Simeon Bankoff, executive director of the Historic Districts Council, a preservation advocacy group, warned that the loss of 16 Warren Street could lead to a domino effect.

 


"Suddenly it will become obvious to other owners that maybe their building should be leveled," he said. "You could have a whole row of 10 buildings, crowding each other out."

Local preservationists who fought in the 1980s to save Tribeca's architectural fabric had wanted the LPC to protect a wider swath of the neighborhood than the agency eventually included when it created Tribeca's four historic districts in 1991 and 1992. The boundary of the Tribeca South Historic District went only as far south as the north side of Chambers Street.


In November 2002, the LPC expanded the southern district to include 28 more buildings on the south side of Chambers Street and on Murray and Warren Streets, but that was still far fewer than preservation advocates recommended. At that time several members of the LPC said they hoped to see additional areas of the neighborhood protected. Sherida Paulsen, then the chairwoman of the LPC, told the Trib that the commission's research department was "actively evaluating" proposals to further expand the district.

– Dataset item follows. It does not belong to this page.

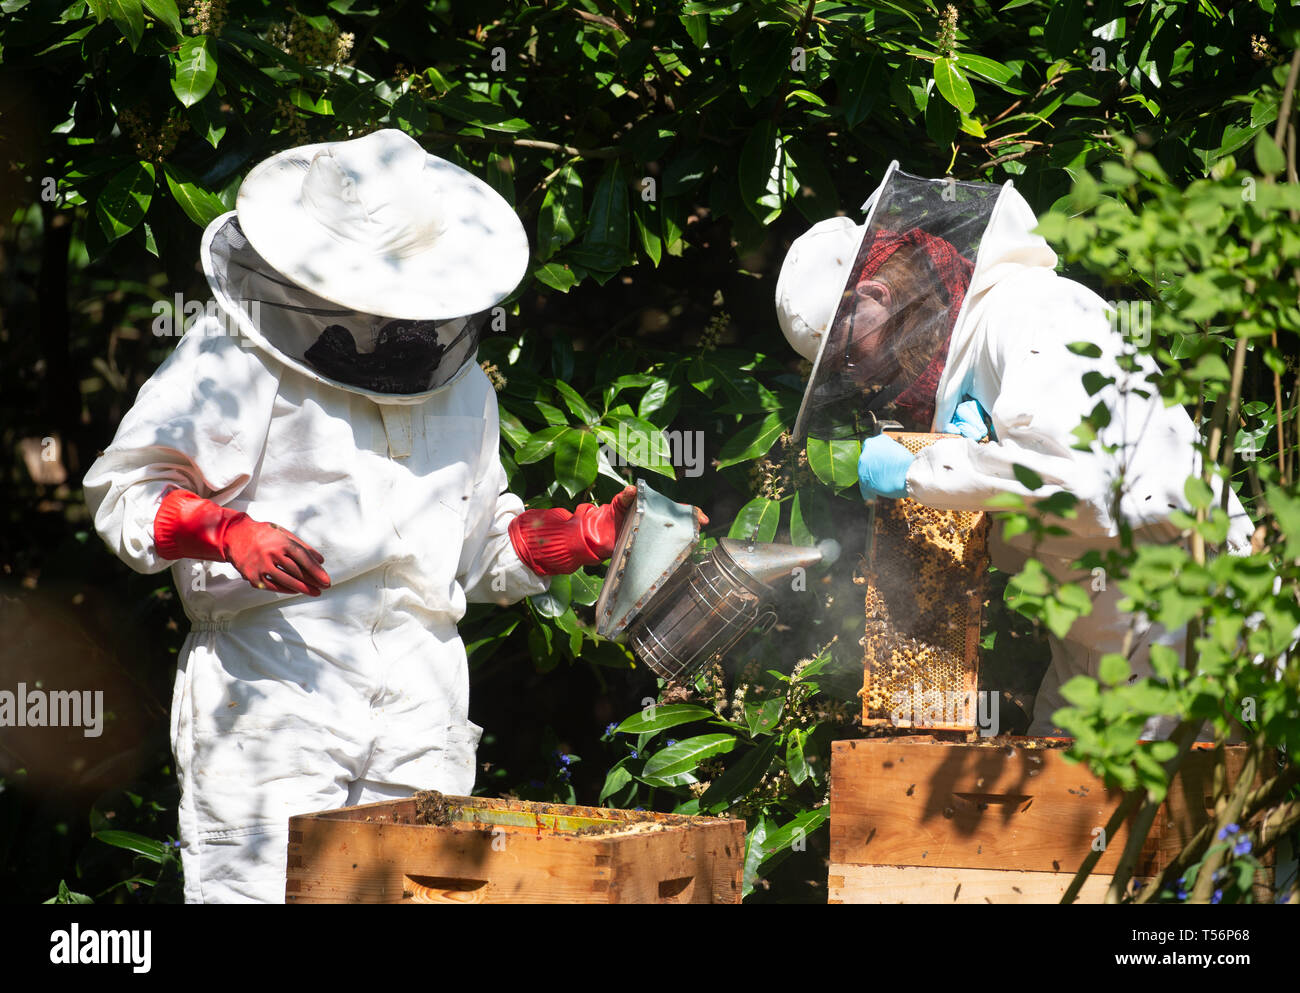 Imker neigen dazu, ihre Bienenstöcke in Suffolk, England. Sie Rauch leicht sedieren, die Bienen, um sie zu beruhigen. Stockfoto

Last month—three-and-a-half years later—an LPC spokeswoman told the Trib that the most recent request for an extension of the district was "being evaluated." Robert Tierney, the LPC's chairman, and Mary Beth Betts, the commission's director of research, declined to be interviewed for this article.

Vibeke Lichten and Joel Assouline are a Philadelphia-based husband and wife team who are developing 16 Warren Street. They had intended to add six floors to the exisiting building but their first architect, Lichten said, made a "bad mistake" in his zoning analysis. "We based our purchase of the property on that faulty zoning," she said. "We were left without much choice but to build a new building." Lichten emphasized that the design will take its cues from successful new buildings in the historic district, such as 116 Hudson Street, between North Moore and Franklin Streets.

Sixteen Warren Street is the first building in the proposed expanded historic district to be demolished. But for preservation advocates, the alarm sounded seven years ago when a five-story mansion was built on the roof of 60 Warren Street, a five-story former champagne warehouse.

"We have philistines coming down from the hills who are out to destroy these historic buildings and make a profit," Carole De Saram, head of the Tribeca Community Association, warned at the time.

Since then, other so-called "lollipop" additions have freely sprung up in the area. Had they been proposed for buildings in the nearby historic district, the LPC almost certainly would not have allowed them.

While building owners often rail against restrictions placed on them by LPC oversight—whether for the size of a rooftop addition, the choice of a window replacement or the alteration of a storefront—preservationists argue that a building's landmark status or a neighborhood's designation as a historic district rewards landlords with higher property values. As an example, they point to the skyrocketing value of real estate in Tribeca's historic districts.

Without those protections, said Bankoff of the Historic District Council, "Pretty soon you've lost the feeling of Tribeca and it becomes an anyplace. Not the neighborhood that drew people to it in the first place."